Qualitative identification of hydrologically different water sources used by plants in rock-dominated environments

Sources of water used by plants in rock-dominated environments are far less clear than those in relatively homogeneous soils, largely because plants in rocky environments normally expose to more complex substrate conditions and their potential water sources are hard to locate and sample. In the current study, potential water sources for plants growing on cliff-face (a typical kind of rock-dominated environment) were roughly separated into two water pools based on their hydrological differences. A variable pool that is composed of water derived from recent precipitation that has rapid fluctuations in water content due to recharge by precipitation and depletion by transpiration, and a constant pool that is characterized by slower changes in water status because it can only be recharged by precipitation under certain conditions and depleted by transpiration of deep-rooted species.
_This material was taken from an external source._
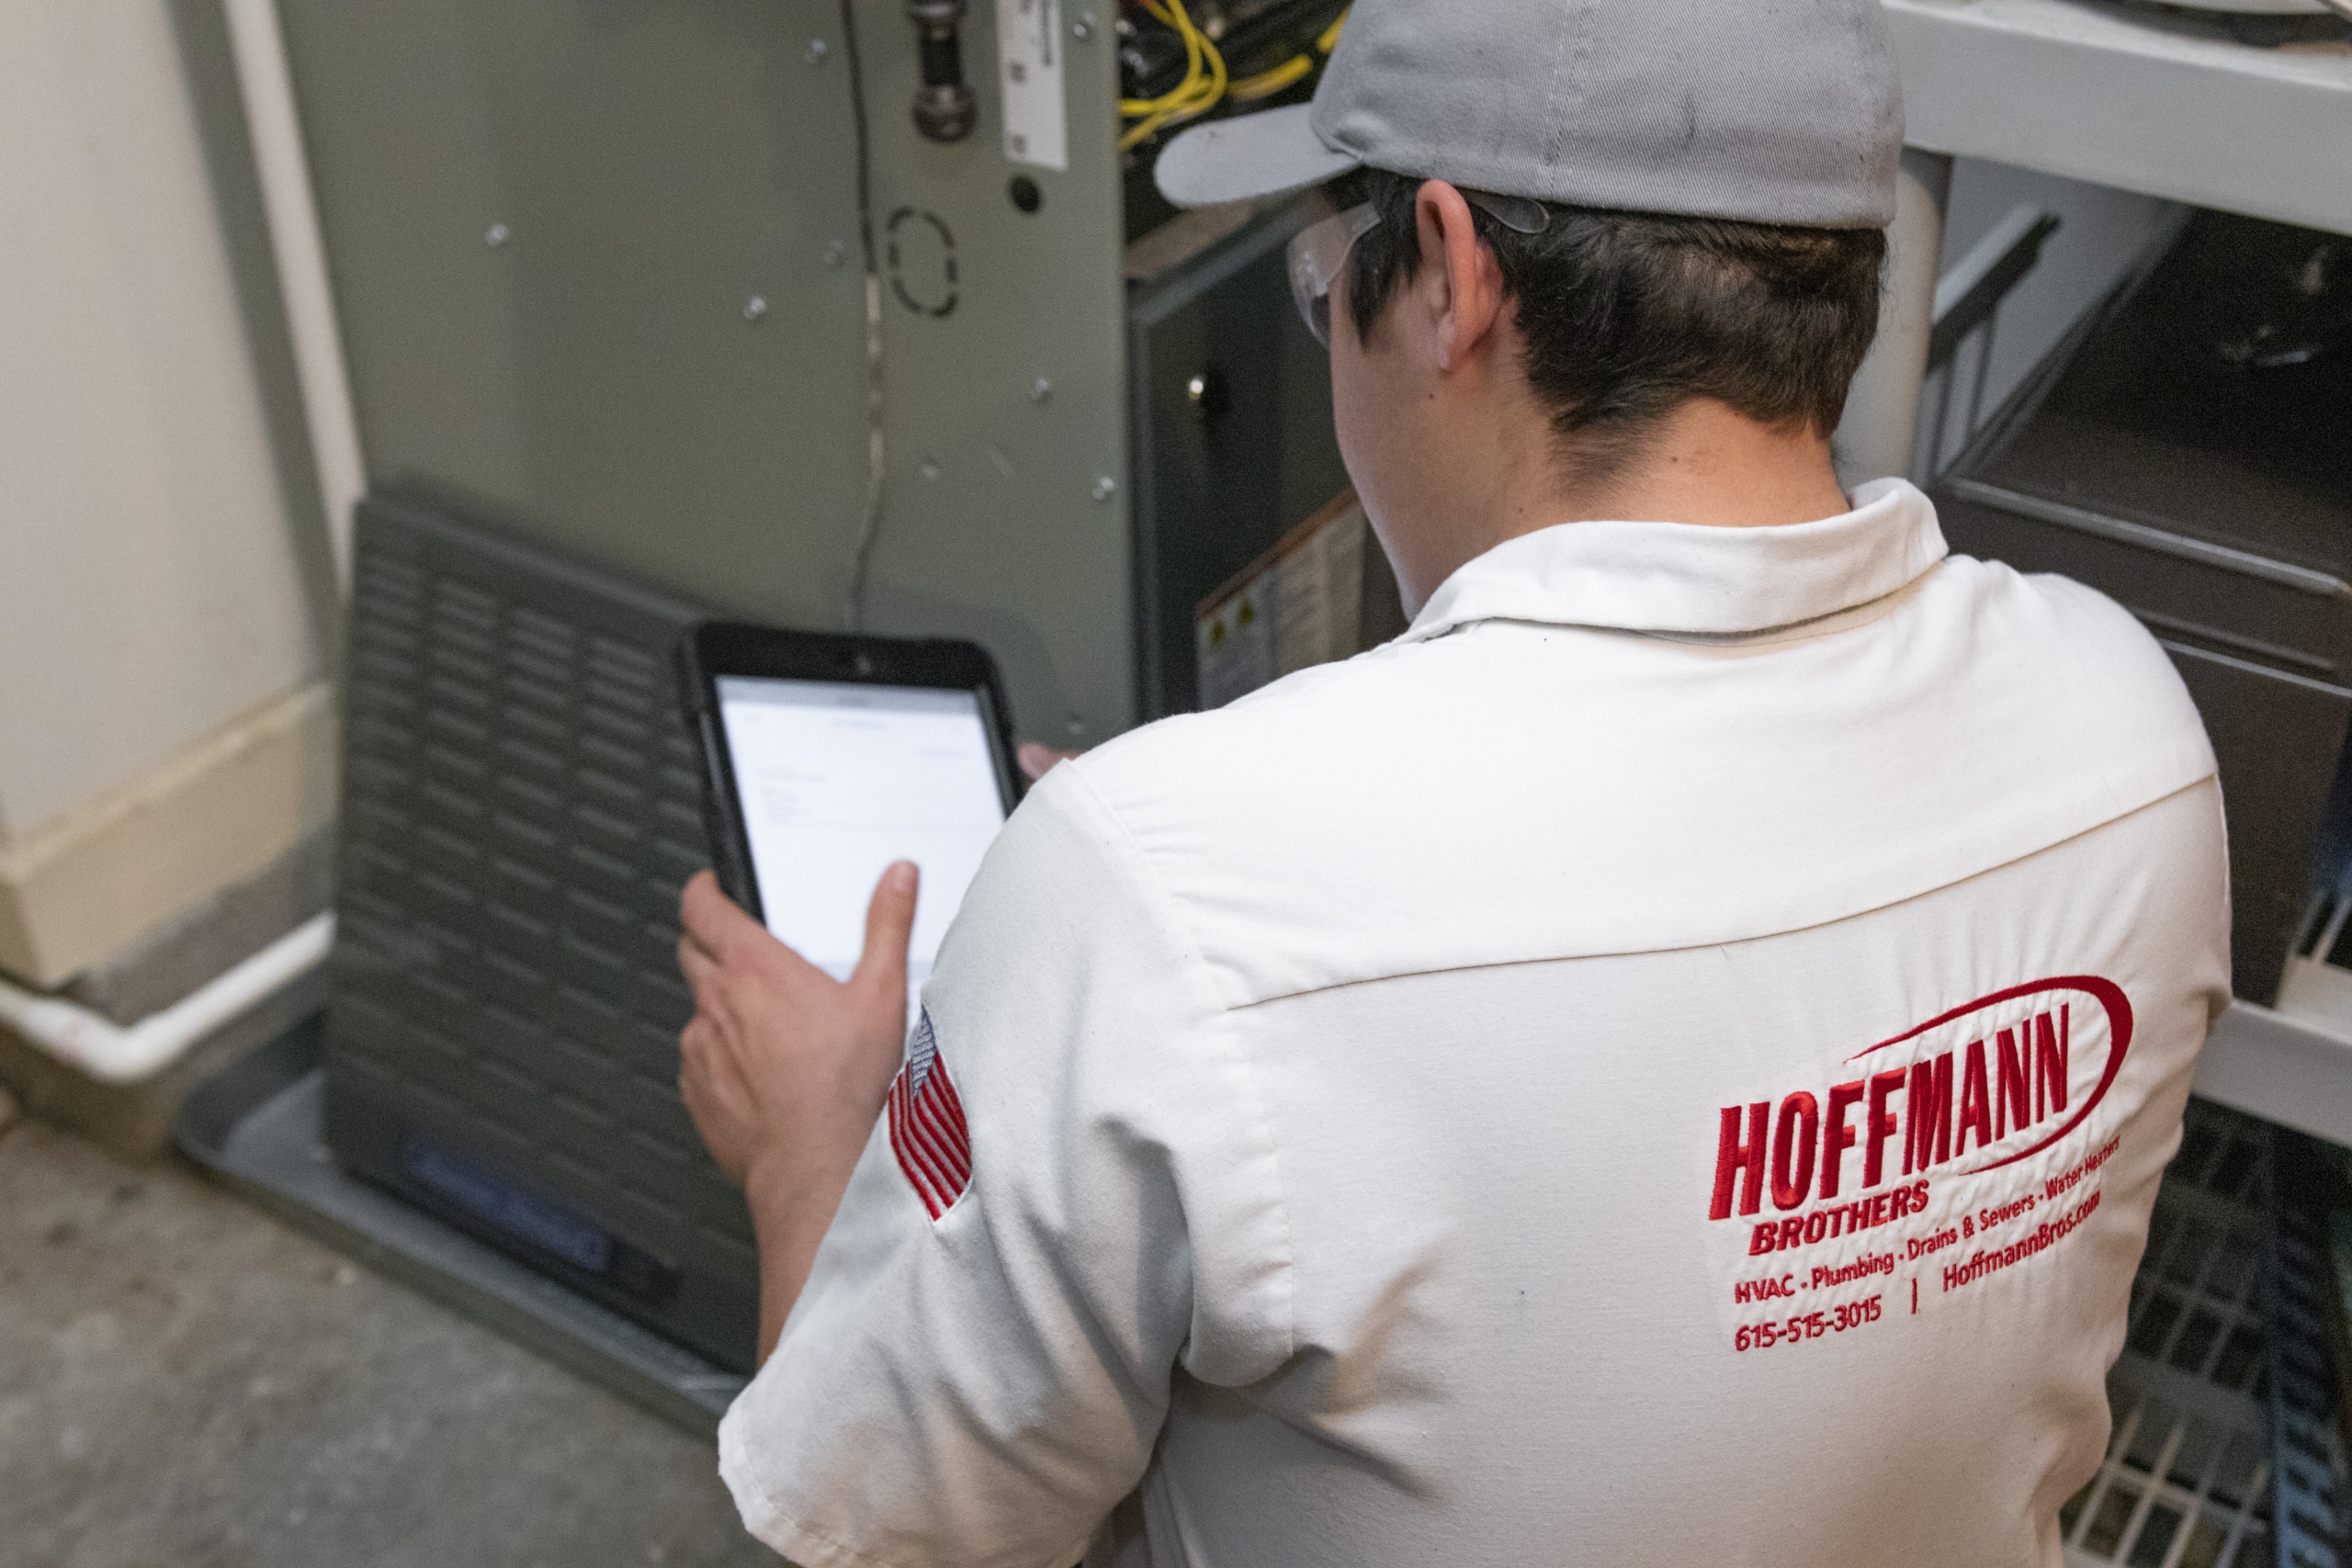 Furnace Installation Services By Hoffmann Brothers In Nashville, TN

This study was conducted in a typical karst catchment of Northwest Guangxi, Southwest China. Stem water samples for the most common dominant tree species of cliff-faces and rainwater for each rain event were consecutively collected throughout the growing season. A co-occurring shrub species, which was identified to have a shallow root system, was further selected as a reference species. The reliance on different water pools was qualitatively identified based on the deviation of stem water isotope values between current and last sampling times, as well as its relationship to the isotope values of rainfall between these two sampling times. Our results showed that the shrub species continuously relied on water from the variable water pool, which was consistent with its shallow root system. While the dominant tree species shifted from the constant pool during the early wet season to the variable pool during the mid-wet season, then back to the constant pool during the early dry season. Moreover, the divergent reliance on different water pools by the two species was further supported by the species-specific dynamics in the efficiency in water use by various plants (reflected by leaf carbon isotope ratio). Our results provide new insights into the linkages between plant transpiration and hydrologically different water pools, which would be helpful in understanding the hydrological importance of different plant species.